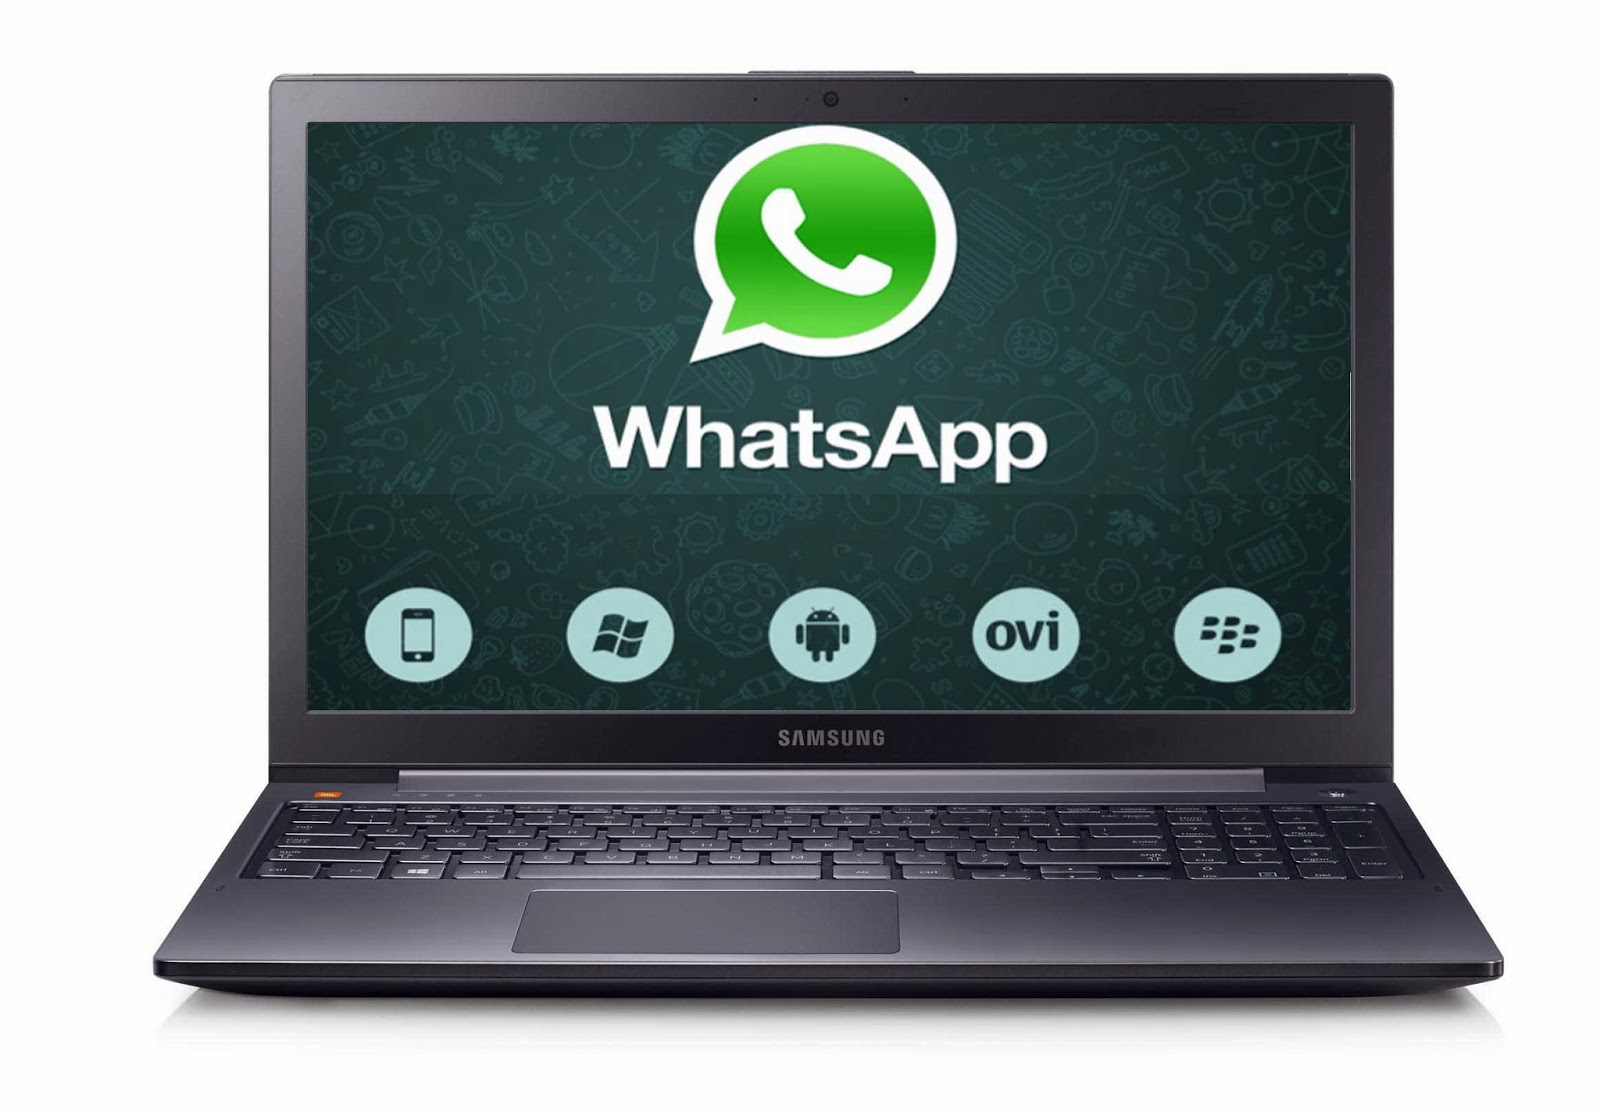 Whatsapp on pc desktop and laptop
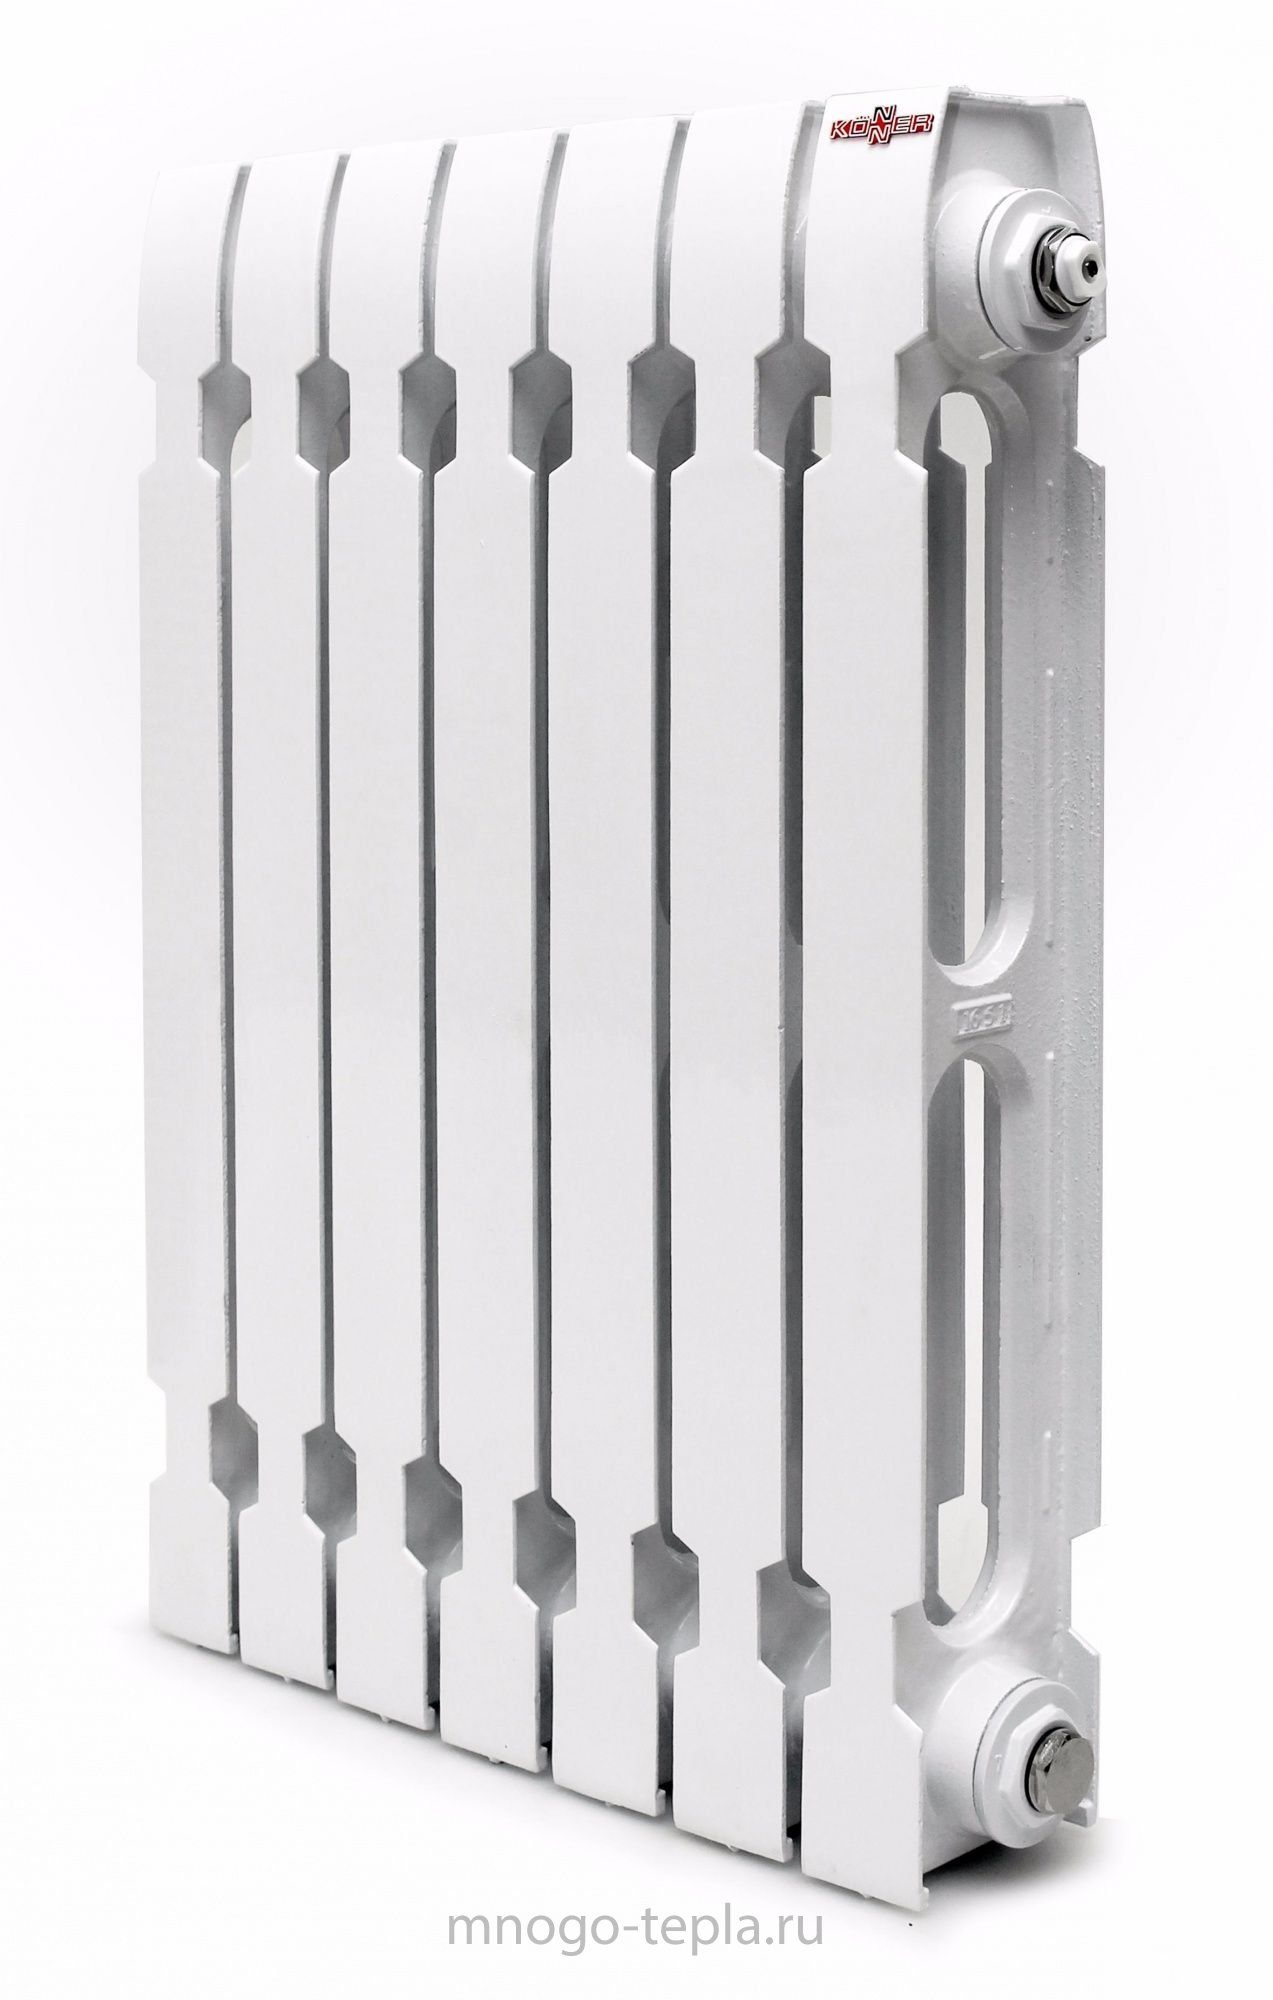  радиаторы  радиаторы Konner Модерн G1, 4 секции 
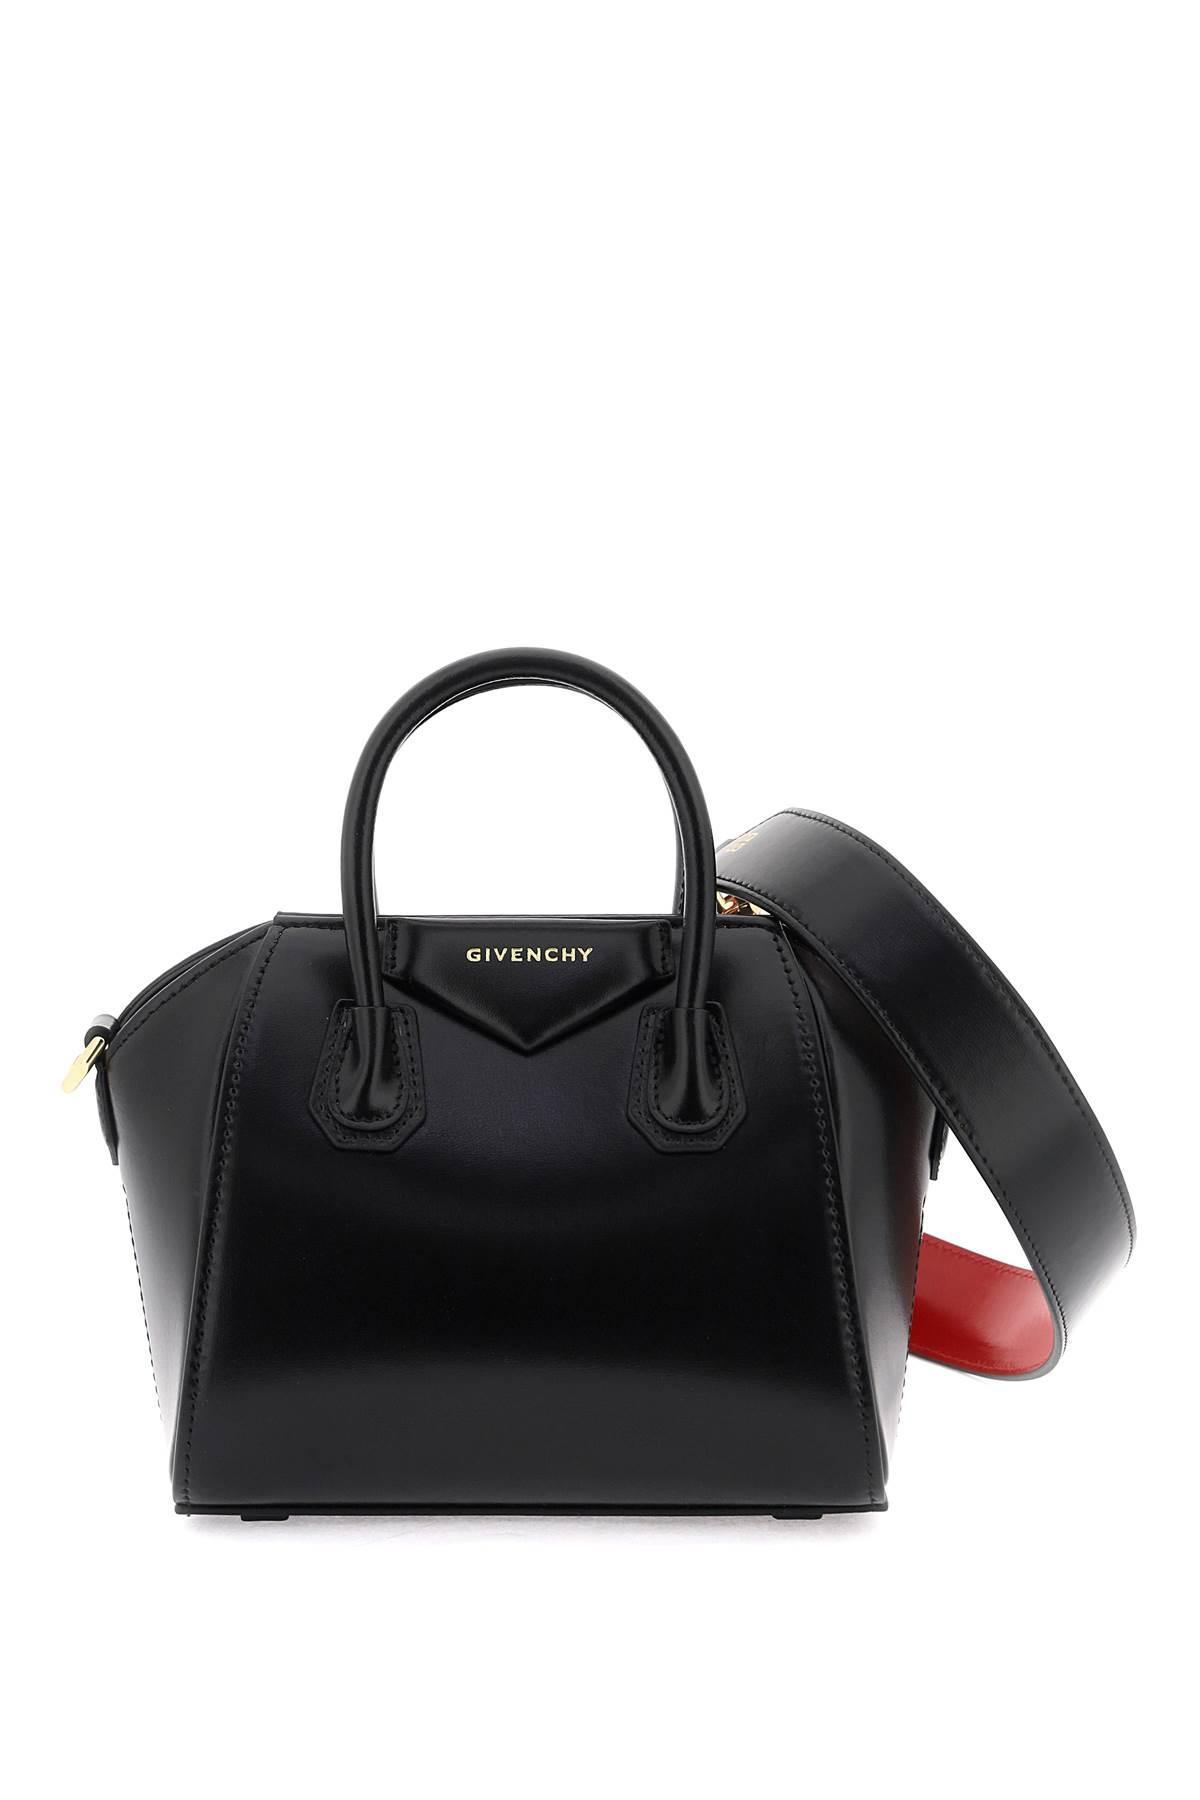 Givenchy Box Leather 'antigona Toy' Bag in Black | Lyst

* * *

--- WHAT NEEDS TO BE DONE ---
Repeat all of the listing above word for word, and exclude the pictures.

--- EXERCISE RESULT ---
 Whatsapp on pc desktop and laptop
  радиаторы  радиаторы Konner Модерн G1, 4 секции 
 Givenchy Box Leather 'antigona Toy' Bag in Black | Lyst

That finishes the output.